Evenings can be kind of stressful for me. There’s the getting dinner together (which sometimes starts right after lunch), getting Caitlyn home and doing the after-school routine, then eating and cleaning and prepping lunch for the next day, all before bedtime. I’m wearing down at this point and want nothing more than quiet and maybe a cup of tea; Caitlyn is getting increasingly crazy as the evening goes on, babbling and dancing and interrupting and fidgeting. She interprets things as narrowly as possible, so that telling her to stop sitting on the radiator also requires telling her to stop leaning on it, stop touching it, move away from it. It’s not a combination that’s inherently peaceful.

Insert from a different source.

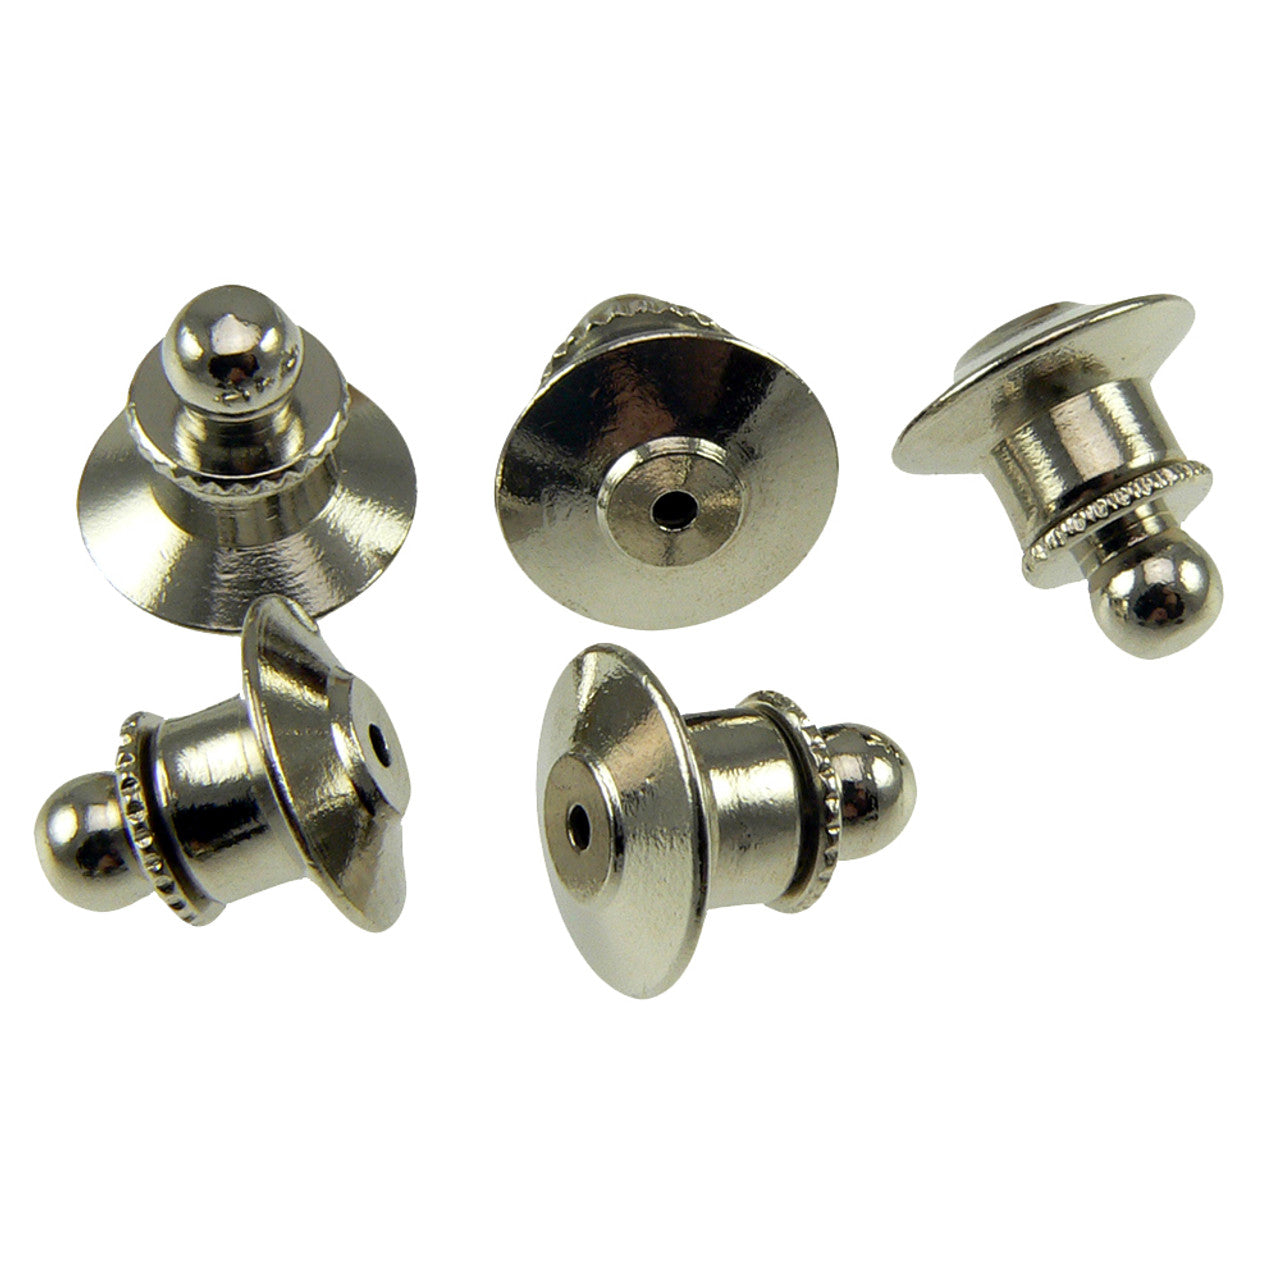 2 Locking Clutch Pin Backings – Retrophiliac

This evening, while in the making-tomorrow’s-lunch phase of the routine, Caitlyn, while standing on a stool, facing sideways and wiggling to whatever dance beat was in her head, placed her sandwich halves on top of the baggies, instead of inside them. Then she dismounted from the stool and gyrated her way to the towel on the fridge. This looked to me like forgetfulness and a lack of focus. (She said later that she wanted to wipe her hands on the towel since Ian had been telling her to stop wiping them on her pants.) And since I was in the “just get it done already” frame of mind and since we’d already told her several times to be less crazy, I asked her what she was doing and why were her sandwiches not in their bags and what was the matter with her pants that she kept grabbing at them?
She burst into tears, screamed “You don’t understand me at all!” and ran out of the room.
Frankly, I was hoping for another six or seven years before hearing that one. Does this mean the teen drama has started at age five? Or that, God willing, she’ll get it all out of her system before she’s twelve?